Pagina:Vico, Giambattista – Il diritto universale, Vol. III, 1936 – BEIC 1961890.djvu/214

Da Wikisource.


VI

DELLA PRESENTE EDIZIONE

Conforme l’esempio dato primamente dal Predari e dal Ferrari, in tutte le edizioni, parziali o integre, del Diritto universale, le quali tutte, salvo quella appunto del Predari, non sono se non ristampe, sovente peggiorate, dell’edizione Ferrari, le Notae vengono via via intercalate, e meglio si direbbe intruse, in quelle pagine e in quelle righe del De uno e del De constantia che il Vico, non senza errori di numerazione e qualche anticipazione o posticipazione, aveva indicate in principio di ciascuna nota. Da che, fra altri, tre inconvenienti. 11 primo, che le Notae perdono del tutto il loro carattere intrinseco di nuova redazione del Diritto universale, ispirata a concetti direttivi sensibilmente progrediti. Il secondo, che la frequente discrepanza, precisamente di concetti direttivi, fra il testo e la nota correlativa induce piú d’una volta il lettore a supporre contradizioni lá dove si tratta, in realtá, di progresso di pensiero.
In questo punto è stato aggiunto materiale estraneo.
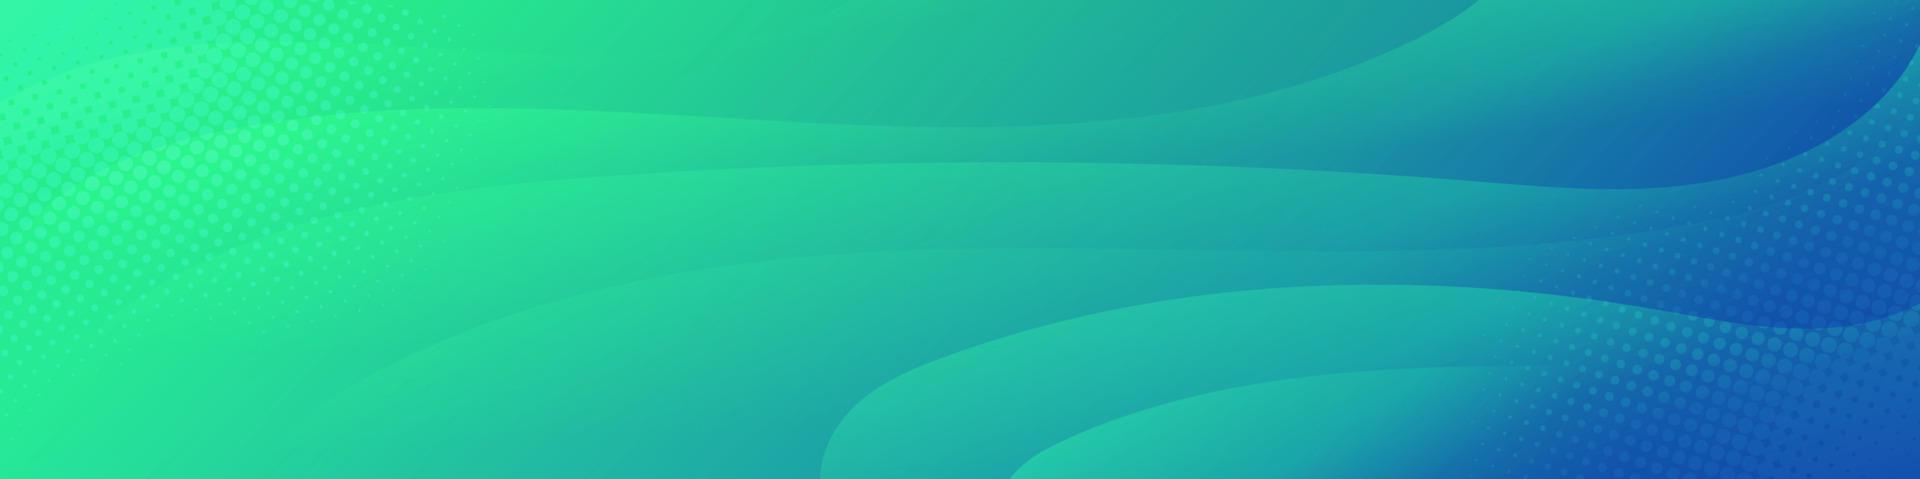 Abstract Gradient green and blue  Fluid Wave Banner Template vector
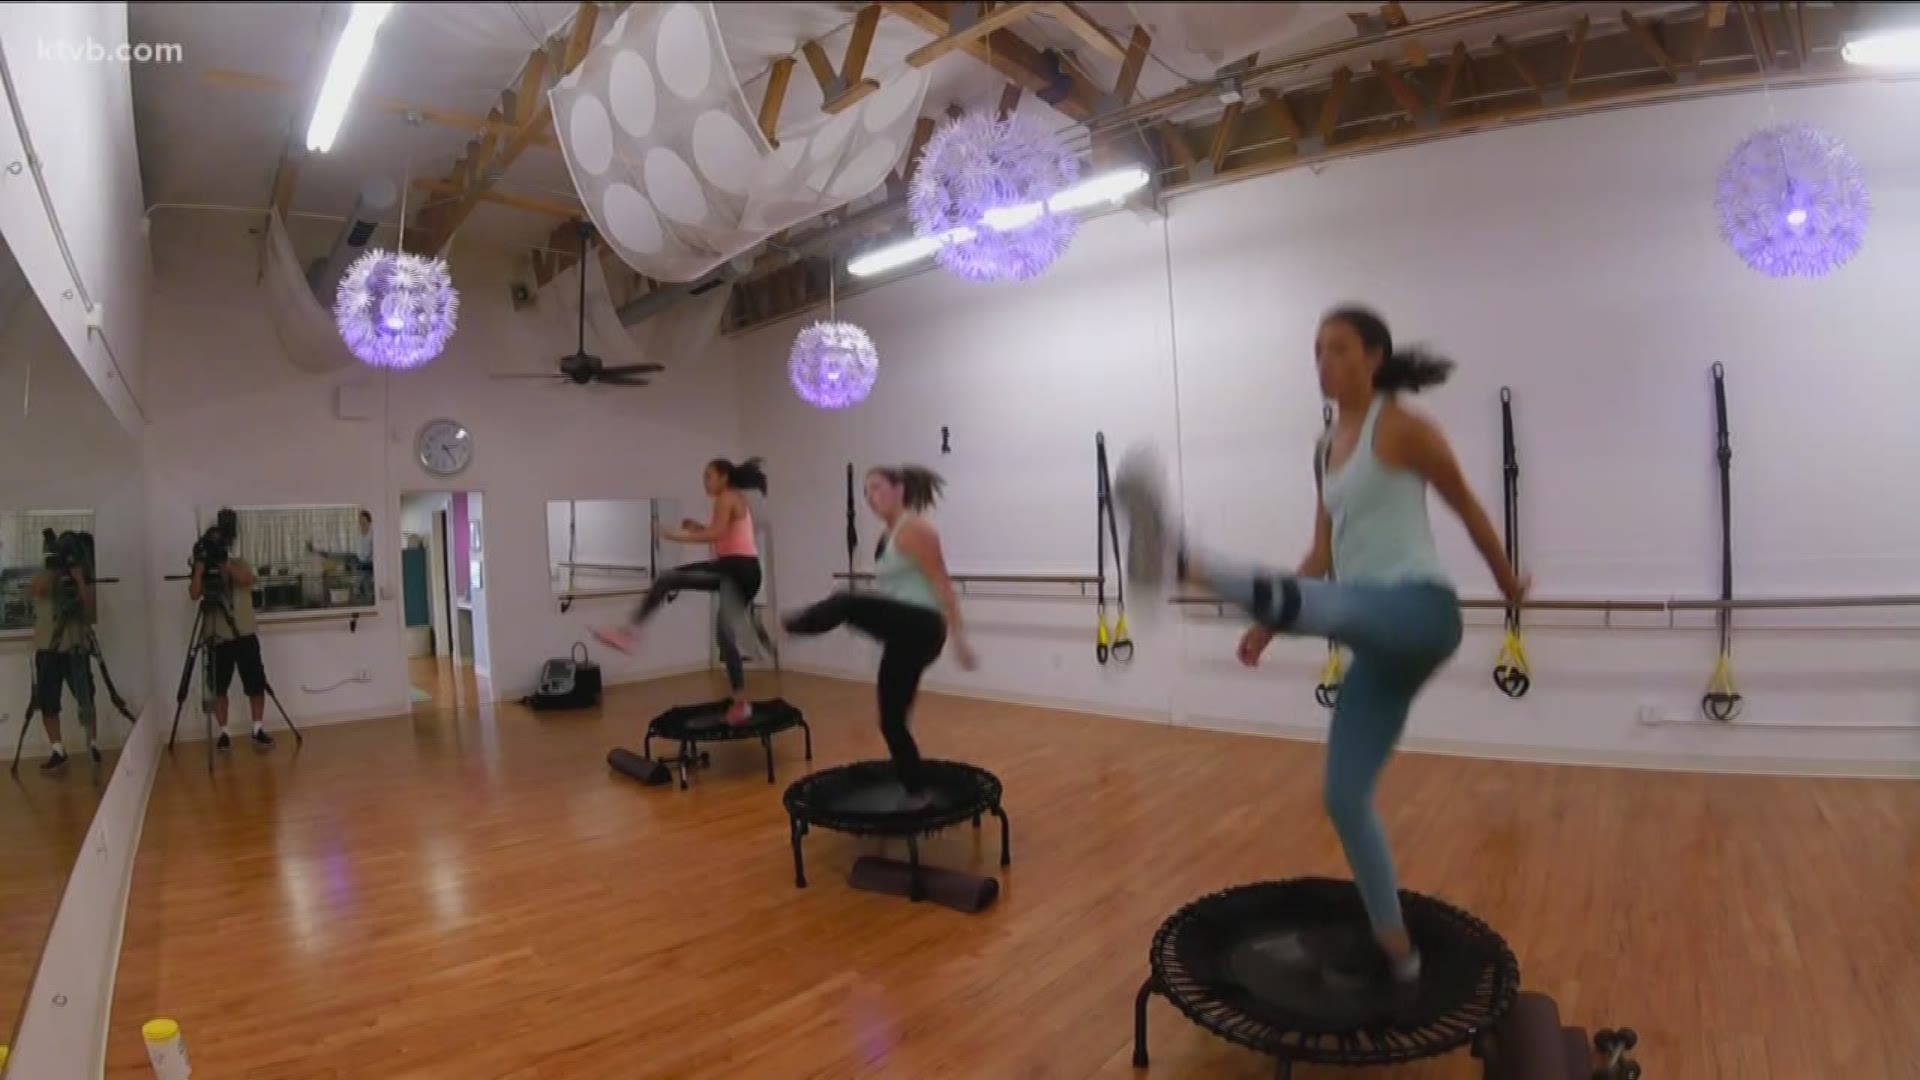 When it comes to workouts and exercise classes, this new gym in Boise bucks the old routine.

Il terzo, che siffatta rifusione o giustaposizione delle Notae accentua l’antididascalismo, il disordine, la mancanza d’euritmia e, insomma, i molti e gravi difetti di esposizione che, dal Diritto universale in poi, caratterizzano le opere vichiane; introduce, specie quando le Notae abbiano carattere ed estensione di dissertationes, cunei sconcissimi; e, con tutto ciò, concorre a distrarre troppo spesso e troppo a lungo l’attenzione del lettore, a fargli perdere troppo spesso e troppo a lungo il filo d’un discorso non sempre chiaro e, conseguentemente, a svogliarlo da una lettura giá per se stessa difficile e faticosa.

Dei due editori sopramentovati, che, in continua lite tra loro, non mancarono di polemizzare anche a codesto riguardo, colui che peccò meno fu il Predari, il quale, se non altro, si propose1 di distinguere, di tra le Notae, le «aggiunte» dalle «rettificazioni» e d’inserire quelle nel testo e dare queste a piè di pagina, salvo poi, nell’esecuzione, a dimenticare sovente siffatto proposito, che

  1. Cfr. nella sua citata edizione, p. 404.